■ TASK INSTRUCTIONS
Only the lines below, from the one with "Escobars villa Manuela" through the one with "nike tennis classic white", are to be written out, exactly.

■ RECORDS FOR THIS TASK
++++++++++++++++++++
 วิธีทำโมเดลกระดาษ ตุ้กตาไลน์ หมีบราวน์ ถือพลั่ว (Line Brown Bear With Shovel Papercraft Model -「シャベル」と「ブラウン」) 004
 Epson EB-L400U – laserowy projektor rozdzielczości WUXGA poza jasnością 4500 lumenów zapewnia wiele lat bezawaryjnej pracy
++++++++++++++++++++
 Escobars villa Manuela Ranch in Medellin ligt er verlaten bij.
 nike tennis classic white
++++++++++++++++++++
■ RESPONSE TO THE TASK
 Escobars villa Manuela Ranch in Medellin ligt er verlaten bij.
 nike tennis classic white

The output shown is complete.